Perto das escadas rolantes, ouvi dois homens comentando enquanto eu passava.
“A calça dessa mulher tem uma abertura, mas o zíper não aparece”
Um deles perguntou: “Moça, posso ver como funciona esse zíper?” Molhou um dedo com sua própria saliva e enfiou em minha buceta.
“A vedação dessa peça claramente não funciona, quanto mais tento secar mais a roupa fica molhada...” Fazendo um movimento descarado de vai e vem com o dedo dentro de minha buceta, descaradamente e na frente de todos que passavam e olhavam.
“Não mesmo. Quanto mais tento secar, mais a roupa fica molhada.” Disse o outro que revezava o vai e vem da penetração do dedo...
Senti minhas pernas falharem por um instante.
Eles falavam como se discutissem um defeito técnico qualquer.
Sem rir.
Sem me encarar diretamente.
Como se fosse completamente normal comentar aquilo sobre mim.
Enquanto isso, dois homens atrás de mim observavam minha bunda.
“Essa parte de trás da calça parece estar pulsando.”
“Sim. É porque estão mexendo na parte da frente.”
Meu rosto queimava. E eu não aguentei segurar e gemi, e ri, dei gargalhadas, e fiquei ofegante.
Voltar pra casa começava a parecer impossível.
Quanto mais vergonha eu sentia, mais meu corpo parecia preso naquele estado absurdo de sensibilidade total.
Em uma área mais aberta do shopping, quatro homens acabaram próximos de mim.
Ao mesmo tempo que já estava sendo tocada eu outras partes, um deles segurou uma das minhas tetas e deu um pequeno balanço técnico.

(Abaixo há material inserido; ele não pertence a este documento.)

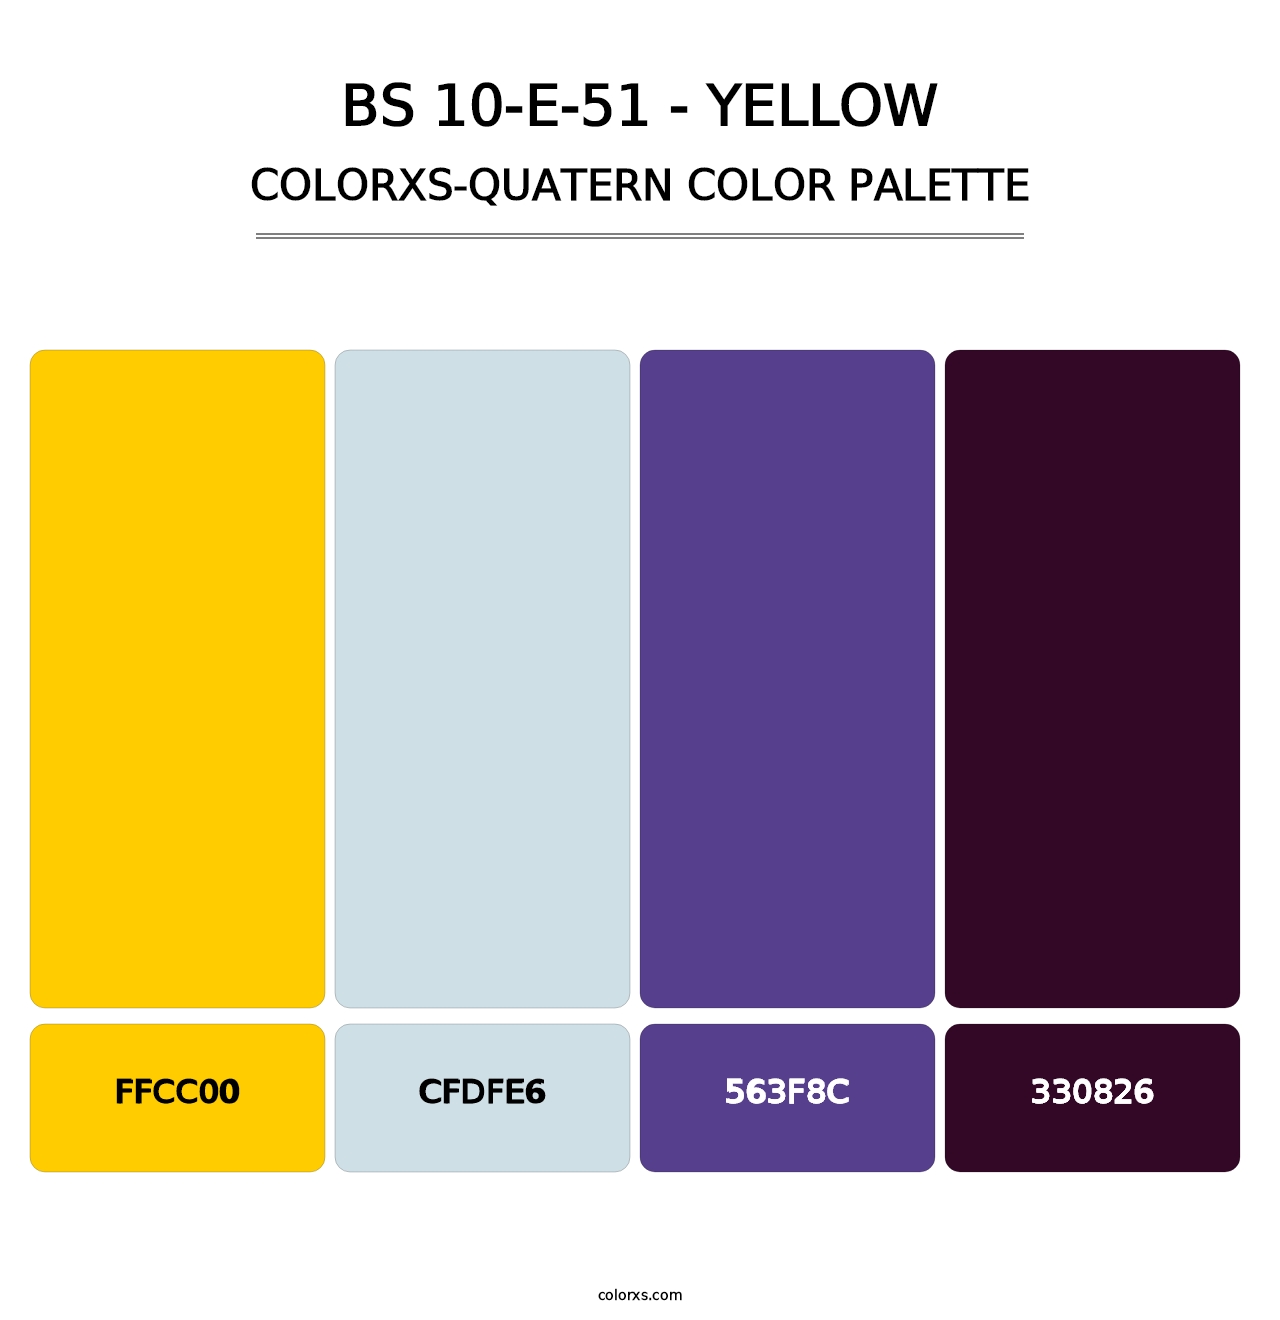 BS 10-E-51 - Yellow - Colorxs Quatern Palette

“Que roupa mais diferente, olha como fica bonita quando balança.”
Outro respondeu:
“Fica muito sexy quando balança.”
Ao ouvir meus gemidos e risadas descontroladas, o outro disse:
“Melhor conferir direito. Parece importante pra ela que o exame seja completo.”
E outro completou calmamente:
“Sem correria, ela está acompanhando a inspeção.”
Aquilo me atravessou inteira.
Eu senti minhas pernas enfraquecerem de verdade dessa vez.
Minha respiração ficou irregular. Meu corpo inteiro parecia quente e leve ao mesmo tempo. Eu tinha consciência absoluta de cada centímetro da minha pele, das minhas tetas balançando com minha respiração, dos meus bicos rígidos, da minha buceta molhada.
E o mais enlouquecedor era a naturalidade deles.
Ninguém fazia escândalo.
Ninguém parecia excitado demais.
Eles apenas falavam de mim como se eu fosse um objeto de análise pública.
Foi ali, no meio daquela mistura de vergonha, exposição e impotência, que meu corpo simplesmente cedeu.
Meu orgasmo veio como uma descarga violenta de tensão acumulada. Minhas pernas quase dobraram. Meu abdômen contraiu involuntariamente. Eu precisei parar por alguns segundos porque senti meu corpo inteiro pulsando de prazer e vergonha ao mesmo tempo.
E ninguém ao redor interrompeu a própria normalidade.
Alguém passou carregando sacolas.
Fui cercada por diversos homens totalmente vestidos, que assistiam a tudo com grande curiosidade.
Os homens continuaram conversando em tom baixo como se nada extraordinário tivesse acontecido.
Isso tornava tudo ainda mais forte.
Depois, eu fiquei ali parada tentando recuperar o fôlego, sentindo o pós-orgasmo espalhado pelo meu corpo inteiro.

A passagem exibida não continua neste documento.